THIS OPINION HAS NO PRECEDENTIAL
VALUE. IT SHOULD NOT BE CITED OR RELIED ON AS
PRECEDENT IN ANY PROCEEDING EXCEPT AS PROVIDED BY RULE 239(d)(2), SCACR.
THE STATE OF SOUTH CAROLINA
In The Court of Appeals
Ephrain Reliford, Jr., Appellant,
William J. Sussman, Respondent.
Appeal From Aiken County
Rodney A. Peeples, Circuit Court Judge
Unpublished Opinion No. 2005-UP-054
Submitted January 1, 2005 – Filed January 21, 2005
Ephrain Reliford, Jr., of Kershaw, pro se, for Appellant.
Maureen O. Floyd, of Augusta, for Respondent.

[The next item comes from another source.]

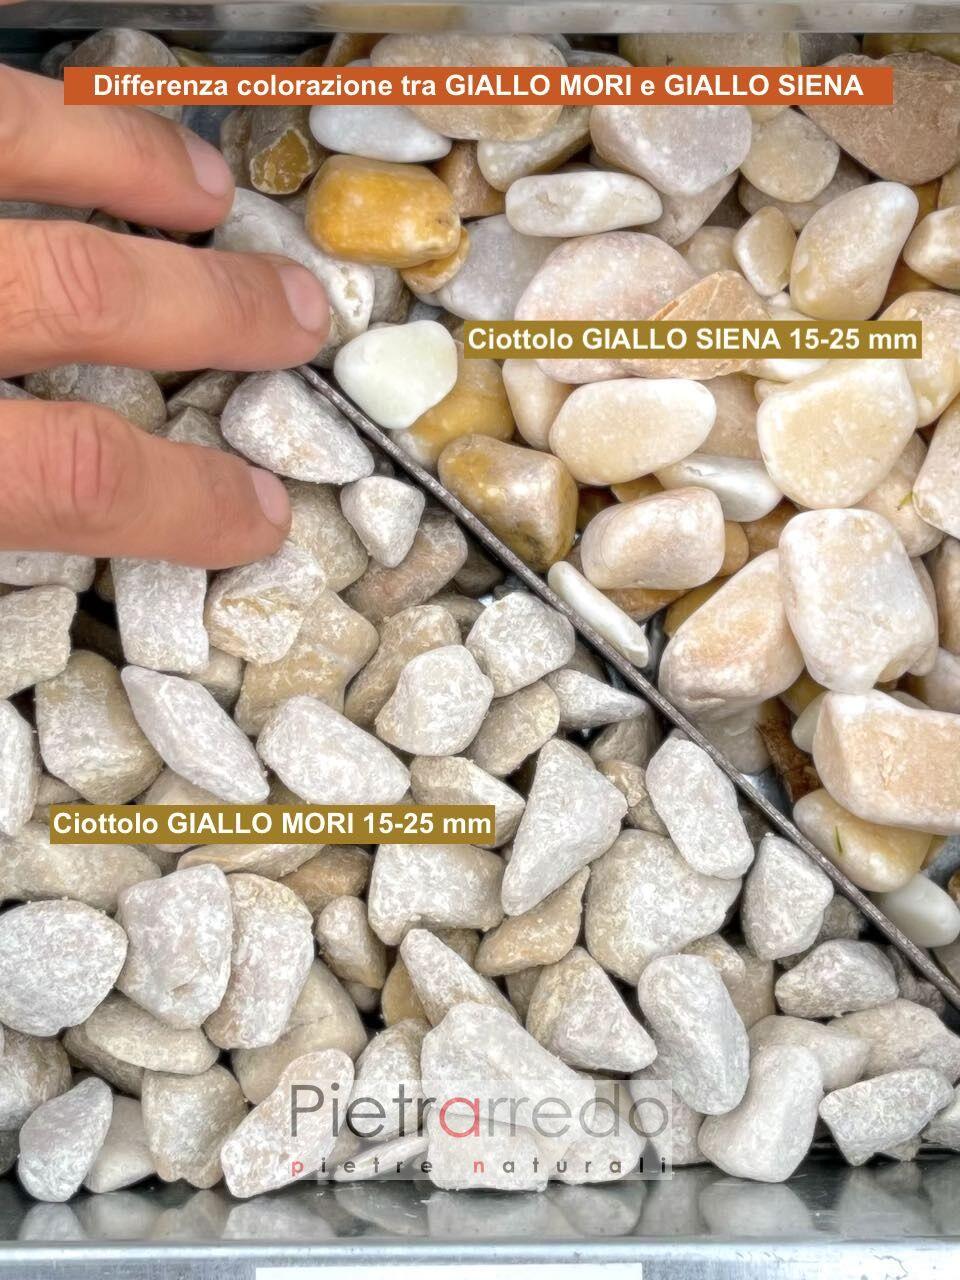 offerta ciottolo giallo siena e giallo miri differenza colore prezzo pietrarredo yellow pebbles

PER CURIAM: Reliford appeals the trial court’s dismissal of his action against his former attorney. Specifically, Reliford argues the trial court erred by ruling it did not have subject matter jurisdiction and his action was barred by res judicata. We affirm pursuant to Rule 220, SCACR, and the following authorities:
As to Reliford’s contention that the trial court erred in ruling it did not have subject matter jurisdiction: see Reliford v. Sussman, Op. No. 2002-UP-305 (S.C. Ct. App. Filed April 29, 2002) (affirming the trial court’s dismissal of the original complaint due to the insufficiency of service of process); see also B.C. Huggins v. Winn-Dixie Greenville, Inc., 252 S.C. 353, 357, 166 S.E.2d 297, 299 (1969) (“It is well settled in this jurisdiction that a decision of this court on a former appeal is the law of the case.”); Barth v. Barth, 293 S.C. 305, 308, 360 S.E.2d 309, 310 (1987) (“Ordinarily, the disposition of a case in the Court of Appeals when certiorari is not applied for nor granted becomes the law of the case.”).
As to Reliford’s contention that the trial court erred in ruling his action was barred by res judicata: see Laughon v. O’Braitis, 360 S.C. 520, 527, 602 S.E.2d 108, 112 (Ct. App. 2004) (“It is a fundamental principle of jurisprudence that material facts or questions which were directly in issue in a former action, and were there admitted or judicially determined, are conclusively settled by a judgment rendered therein, and that such facts or questions become res judicata and may not again be litigated in a subsequent action between the same parties or their privies, regardless of the form that the issue may take in the subsequent action.”)
ANDERSON, STILWELL, and SHORT, JJ., concur.
 We decide this case without oral argument pursuant to Rule 215, SCACR.